Quando ingressei no curso de Matemática, o objetivo do curso era uma formação para atuar na Educação Superior. O curso era muito pesado. Nós tínhamos uma formação básica para atuar como professores. O curso era de licenciatura mesmo! [...] Era um curso muito difícil, ninguém queria fazer Matemática. A cultura era muito direcionada... Era uma cultura de medo, de distância... Também, à época, achava-se que a mulher não podia fazer um curso superior... O perfil das pessoas que procuravam o curso de Matemática era de professor. No meu caso, foi uma escolha consciente.

Baseando-nos nas falas de nossos colaboradores, podemos concluir que o curso de Matemática continuou a ser considerado difícil, mesmo por alunos que o realizaram muito depois de sua criação. É o que salienta o professor Edson Crisóstomo (graduado em 1988).

Não sei se o curso de Matemática se classificaria como fácil, difícil... Enquanto critério de avaliação, ele poderia ser classificado como um curso difícil, porque nós éramos avaliados, na maioria das disciplinas, apenas com provas. Então nós tínhamos 100% das notas atribuídas por meio de provas, avaliações escritas, individuais. As Ciências Exatas têm esse critério de avaliação... Poderia ser considerado um curso difícil, também, porque era um curso em que havia muita dependência, muita reprovação... Nós tínhamos Química que era, também, uma disciplina em que havia muita reprovação, a parte de Estatística... Então... A gente tinha um rol de disciplinas que eram consideradas disciplinas pesadas, vamos usar esse termo... Em linhas gerais o curso... Se considerarmos as questões de reprovação, do nível de avaliações, era um curso difícil.

Nas narrativas dos professores que atuam, no momento presente, como docentes do curso, evidencia-se uma preocupação com o atual processo de formação de professores de Matemática na instituição que os formou e na qual lecionam, já que três deles disseram que hoje os alunos estão mais interessados em cursar a pós-graduação para poderem ser pesquisadores do que em se tornarem professores. Isso nos leva a uma

reflexão sobre a natureza do curso oferecido nos anos 1960 e 1970, pois, ao que identificamos, a intenção era certificar o professor de Matemática para atuar no que atualmente se chama educação básica, ou seja, o curso era conduzido com esse objetivo. Já entre aqueles graduados nos anos 1980 há indícios de uma tentativa de formação que aproximasse a docência e a pesquisa (verificada nos cursos de bacharelado de outras instituições).

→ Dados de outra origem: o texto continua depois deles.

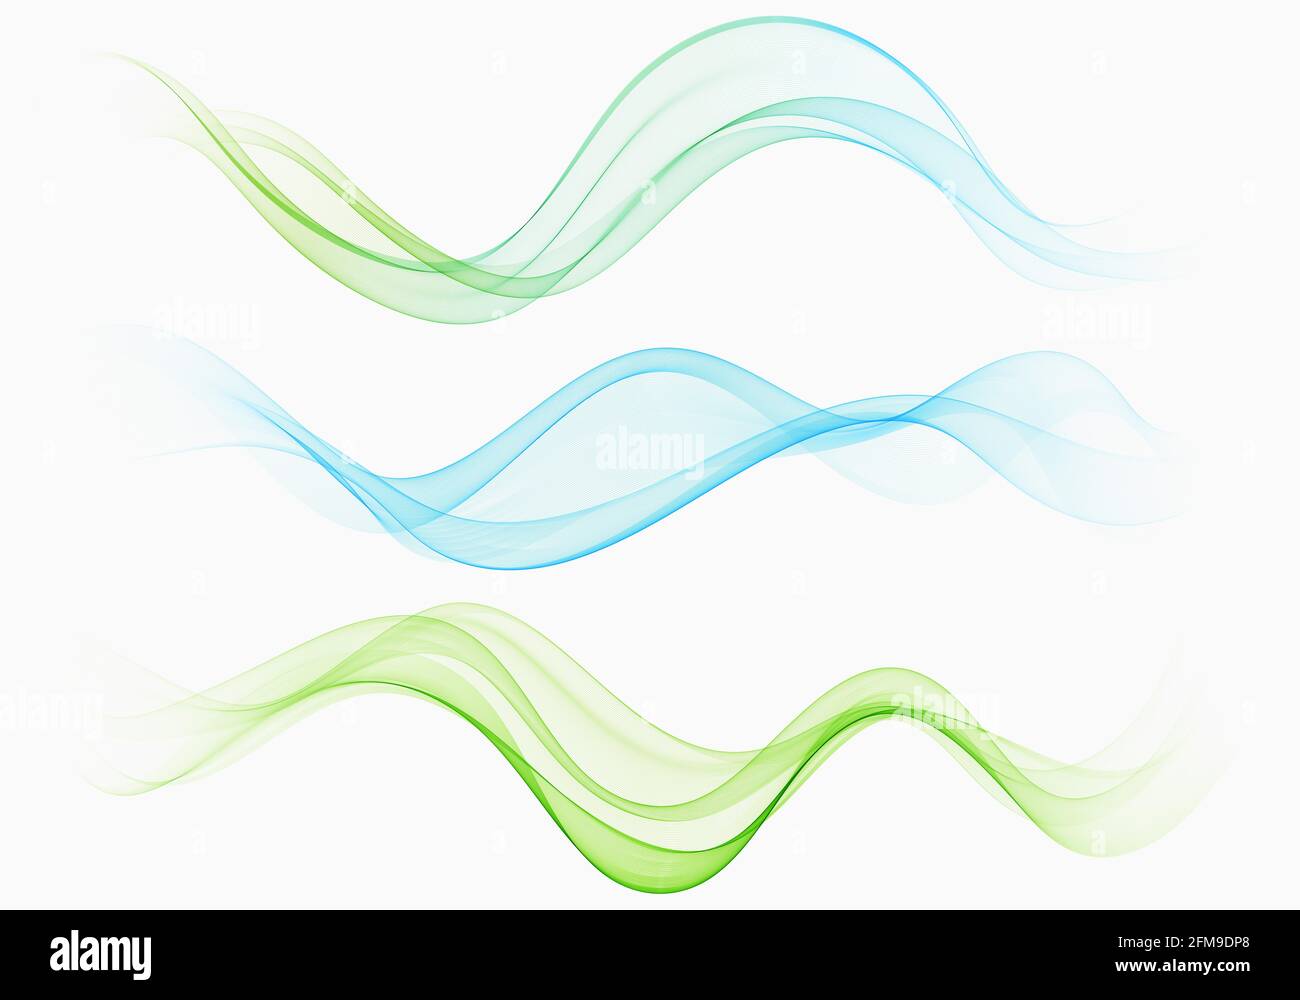 Bright green blue speed abstract lines flow Stock Vector

Desse modo, assim como em todo o território brasileiro, a primeira instituição de ensino superior da região norte mineira a criar um curso de Matemática foi constituída de forma isolada, distanciada do modelo de instituição universitária, que à época tinha como objetivo primordial desenvolver a pesquisa científica (CUNHA, 2007a).

No próximo capítulo, abordaremos alguns dos elementos da cultura acadêmica do curso, focalizando fazeres pedagógicos, métodos de ensino, materiais didáticos e formas de avaliação.